# Git Setup and Workflow for Google Colab

This notebook provides a clean and self-explanatory guide for managing your project in Git and pushing to GitHub via SSH from Google Colab.

## Initial Setup: Mount Drive and Prepare Environment

This step ensures your Google Drive is mounted and accessible within the Colab environment.

In [None]:
from google.colab import drive
drive.mount("/content/drive", force_remount=True)

## One-Time Git and SSH Configuration (Run only when setting up a new repository or session)

This section handles generating SSH keys, configuring Git, initializing the repository in your target directory, and making the initial commit while correctly ignoring Google Drive-specific files.

### 1. Generate SSH Key Pair (Non-Interactively)

This command generates an Ed25519 SSH key pair with an empty passphrase. It's crucial for authenticating with GitHub via SSH. You only need to run this once per Colab session or if your keys are lost.

In [None]:
! ssh-keygen -t ed25519 -C "sghosh6@lbl.gov" -N "" -f ~/.ssh/id_ed25519

### 2. Display Public Key for GitHub

Copy the output of this cell and add it to your [GitHub SSH Keys settings](https://github.com/settings/keys) under a new SSH key. Give it a descriptive title (e.g., "Colab Key").

In [None]:
! cat ~/.ssh/id_ed25519.pub

### 3. Initialize Git Repository and Configure SSH Agent

This block performs several critical steps:
*   Changes to your project directory (`/content/drive/Shareddrives/GCCP`).
*   **Removes any old `.git` directory** (use with caution, this wipes Git history! Only for fresh setup).
*   Initializes a **new** Git repository.
*   Configures your Git user name and email.
*   Creates/updates a `.gitignore` to correctly ignore `.gdoc`, `.gsheet`, and potential nested `GCCP/` directories.
*   Starts the SSH agent and adds your private key.
*   Adds GitHub's host keys to your known hosts.
*   Adds the remote GitHub repository using the SSH URL.
*   Performs the **initial commit** of your project files.
*   Renames the default branch to `main`.

In [None]:
import os

# Change the current working directory to the target path
%cd /content/drive/Shareddrives/GCCP

# Remove any existing .git directory to start fresh (use with caution if you have other branches/history!)
# Only run this if you want to completely re-initialize the repository.
! rm -rf .git

# Initialize a new Git repository in this directory
! git init

# Configure your user email and name
! git config user.email "soumyadeepghosh35@gmail.gov"
! git config user.name "soumyadeepghosh35"
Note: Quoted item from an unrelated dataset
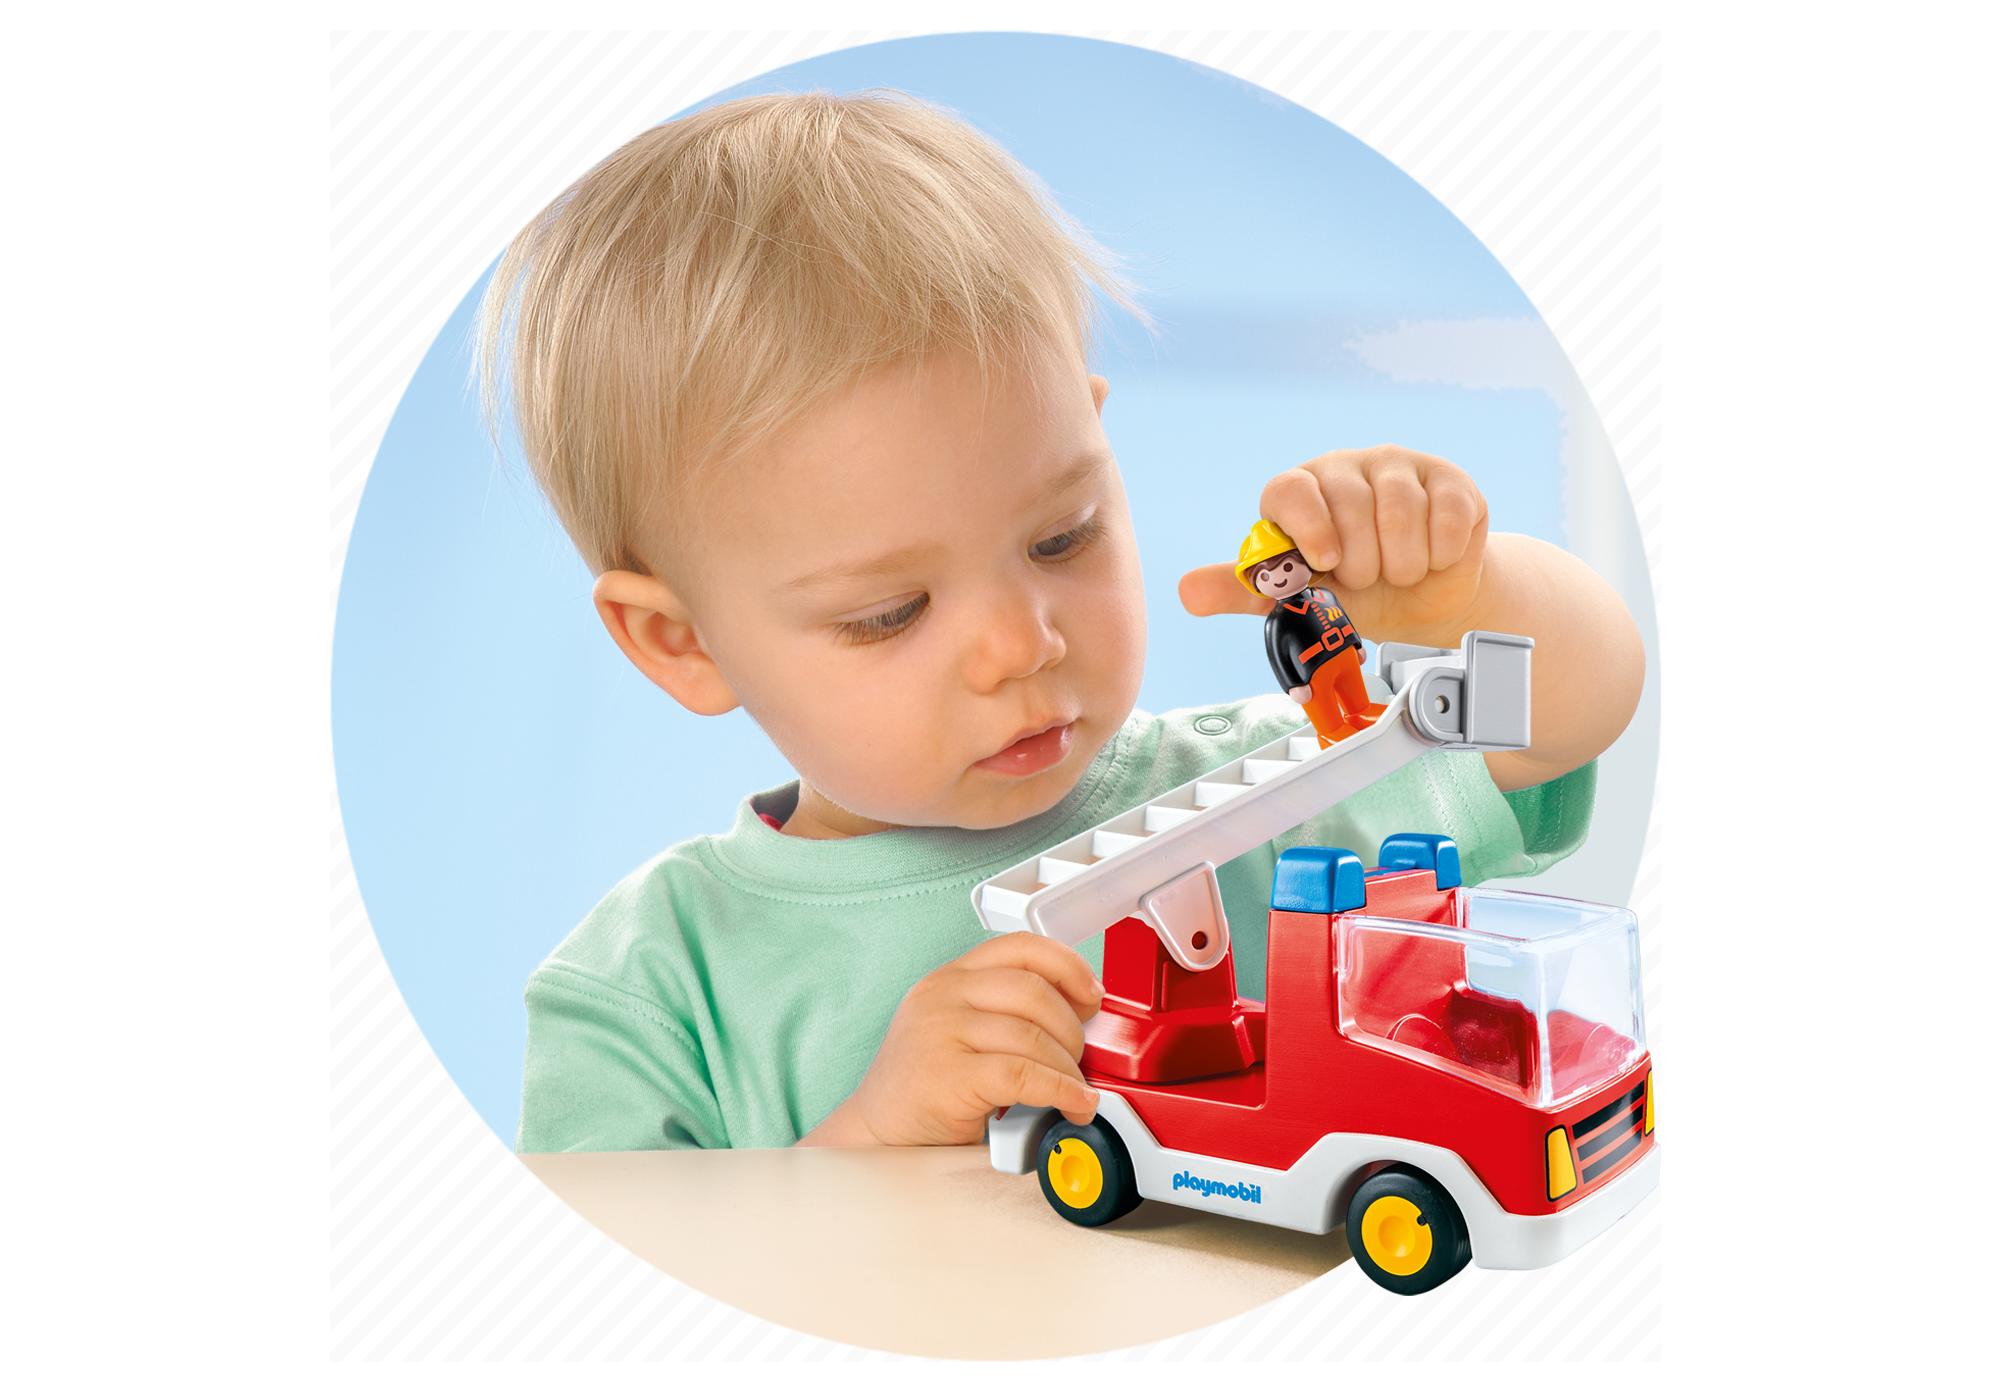 http://media.playmobil.com/i/playmobil/6967_product_extra1

# Create/Update .gitignore file to correctly exclude problematic Google Drive file types
with open('.gitignore', 'w') as f:
    f.write('*.gdoc\n')
    f.write('*.gsheet\n')
    f.write('GCCP/\n') # Ignore potential nested directory if not intended as submodule

# Add and commit the updated .gitignore file immediately
! git add .gitignore
! git commit -m "Add .gitignore to ignore Google Drive files"

# Start the SSH agent and add your private key in one go
! eval "$(ssh-agent -s)" && ssh-add ~/.ssh/id_ed25519

# Add GitHub's host keys to your known hosts file
! ssh-keyscan github.com >> ~/.ssh/known_hosts

# Add the remote repository using the SSH URL (only if not already added)
if 'origin' not in os.popen('git remote').read():
    ! git remote add origin git@github.com:soumyadeepghosh35/AminesThermoPhysicalPrediction.git

# Verify the remote URL
! git remote -v

# Add all remaining files in the current directory to the staging area (now respecting .gitignore)
! git add .

# Commit the changes (if there are any new changes after ignoring files)
! git commit -m "Initial commit of project files from Colab via SSH"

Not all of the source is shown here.